Physically demanding jobs take a toll on your health

Physically demanding jobs take a toll on your health

It turned out that the job that requires regular physical activity increases the risk of premature death in men by 18%.

But new research claims that those who are in more physically demanding jobs aren't in a vastly better position. The scientists got their findings in the Netherlands that reported something called "physical activity paradox" which means exercise can be harmful while at work but it is advantageous when you do it on free times. There was no such link among women.

'This evidence indicates that physical activity guidelines should differentiate between occupational and leisure time physical activity'. Moderate physical activity may be beneficial for the heart, but intense physical activity may damage it.

While people who exercise for recreation generally stay active for about an hour and can take breaks when they feel exhausted, people with highly demanding physical jobs are often performing the same labor-intensive tasks for hours, with few breaks.

Physical activity is generally considered to be an important preventive behaviour for non-communicable diseases while physical inactivity has been estimated to account for around 7 percent of the global health burden.
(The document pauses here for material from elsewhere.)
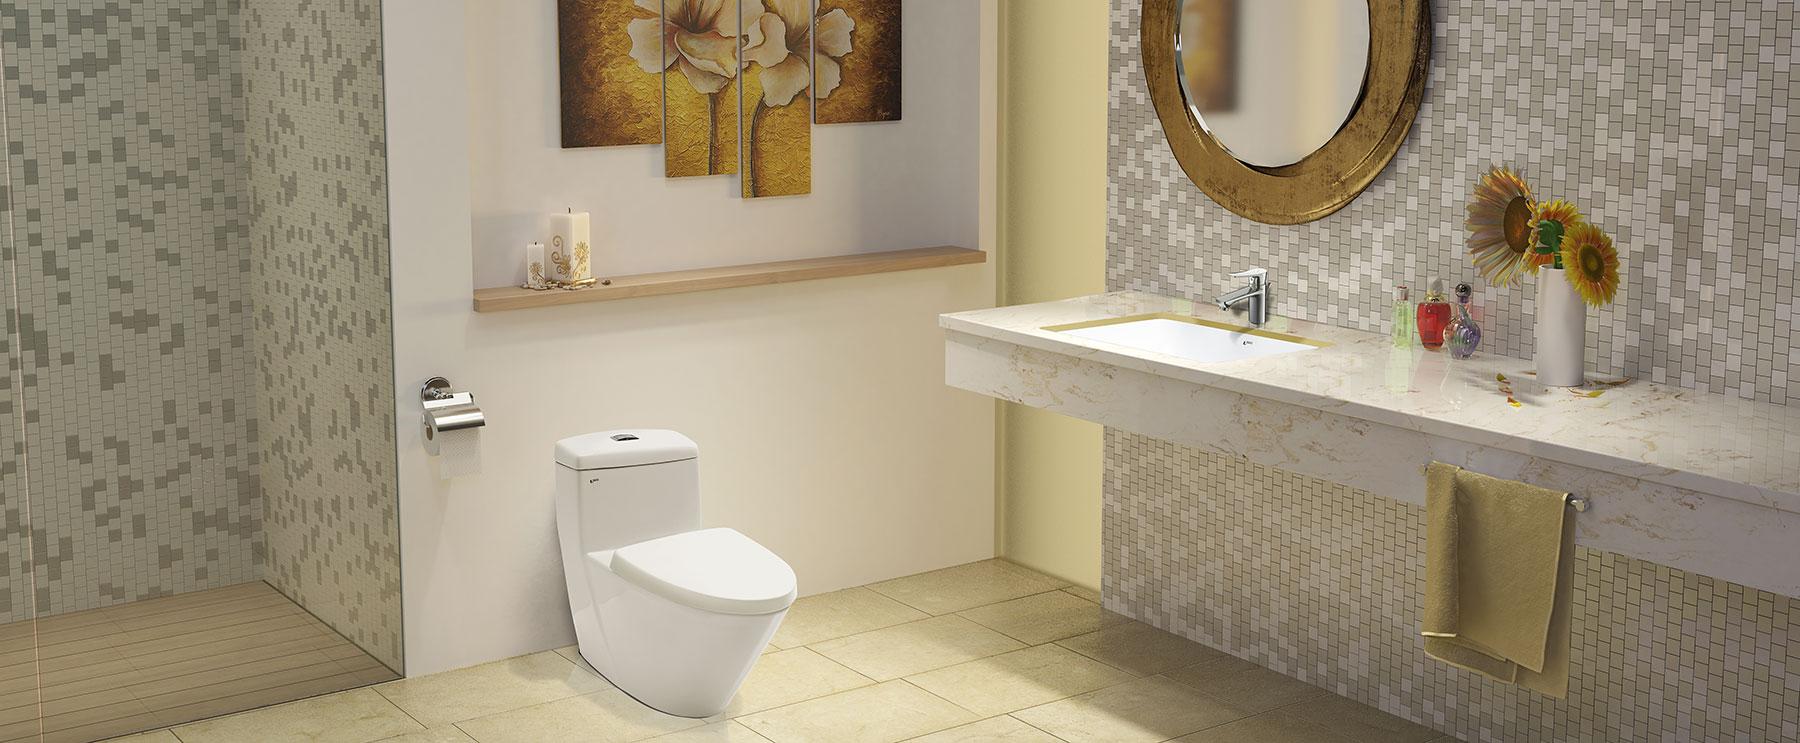 Chọn thiết bị vệ sinh giá rẻ cho nhà trọ chất lượng ở đâu?

From the cars and subways that take us to work comfortably seated, to the sedentary daytime jobs, to the hours we spend immobile on our phones or computers when we're not working, most of us fall short of the recommended 150 minutes of exercise a week. "This may help these workers to balance the negative health effects of occupational physical activity with the positive effects of leisure-time physical activity".
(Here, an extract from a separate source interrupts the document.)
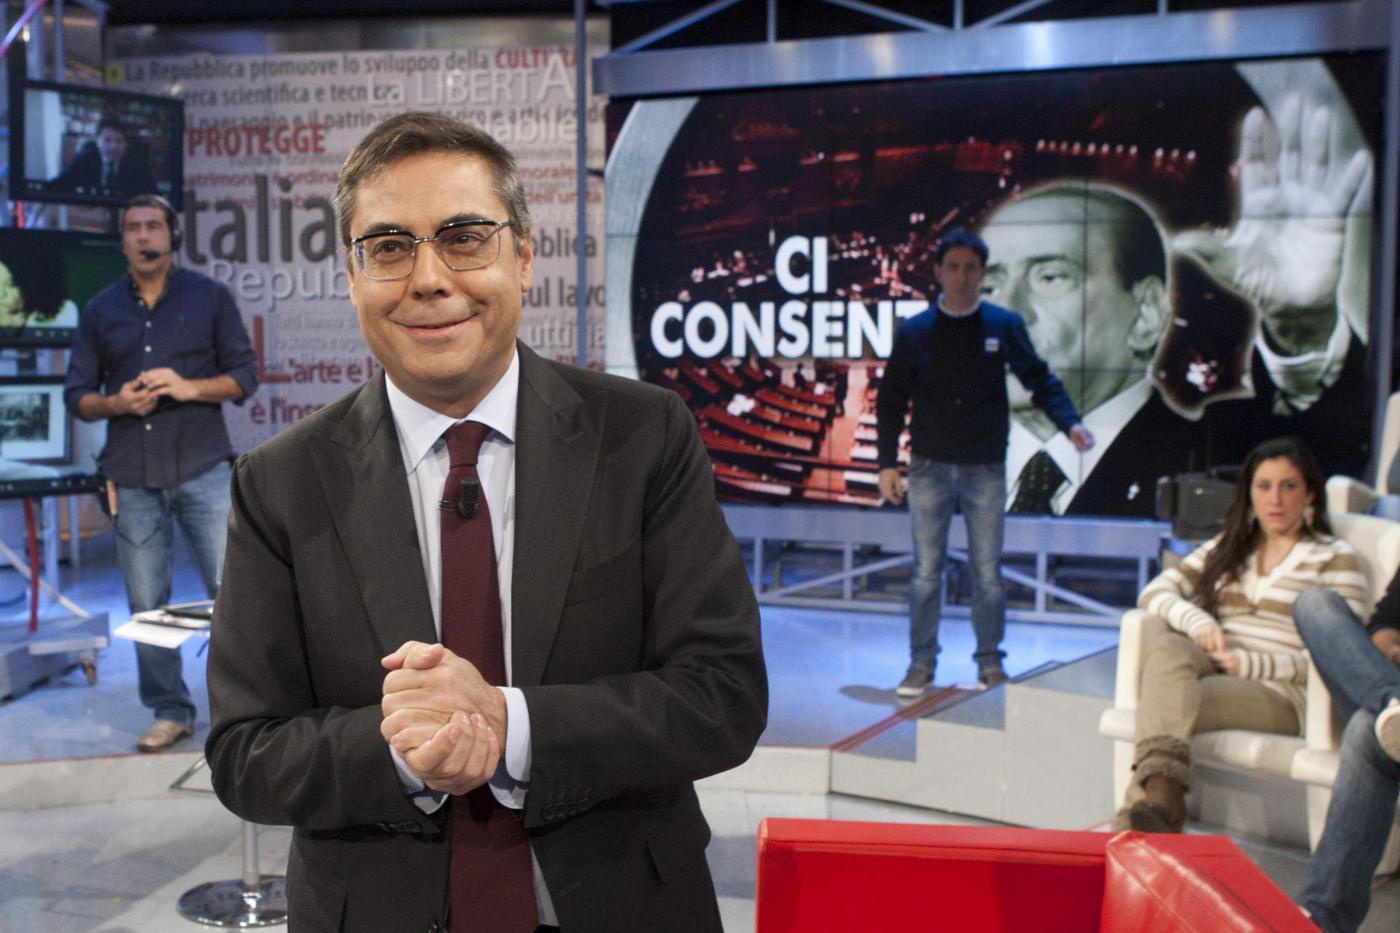 Soppresso Telecamere: Rai 3 vuole così, Anna La Rosa contro Andrea Vianello

While the increase was seen in men, it wasn't seen among women, Coenen said. "They don't benefit from the good aspects of leisure-time activity, and they are exposed to the risk of occupational physical activity". Since their physically demanding jobs are hard enough, they might assume working out for leisure is unnecessary.

The study boldly concludes, "The results of this review indicate detrimental health consequences associated with high level occupational physical activity in men, even when adjusting for relevant factors (such as leisure time physical activity)".

But "an easier option may be to keep encouraging people to remain physically active during leisure time", Coenen said.

One U.S. expert said the findings make sense. He's director of the Yale-Griffin Prevention Research Center in Derby, Conn., and past president of the American College of Lifestyle Medicine. Collectively, the studies provide information on over 193,000 men with varying levels of physically exhausting jobs.

"Thus, what appears to be the adverse effect of the work done on the job might additionally, or even alternatively, be the adverse effect of poverty, psychological stress, perhaps depression, and other lifestyle differences that track with these [types of jobs]", Katz said.

In light of the findings, published in the British Journal of Sports Medicine, Coenen believes more should be done to encourage people in manual work to follow the standard guidelines on exercise, and not be fooled into thinking that they got enough at work.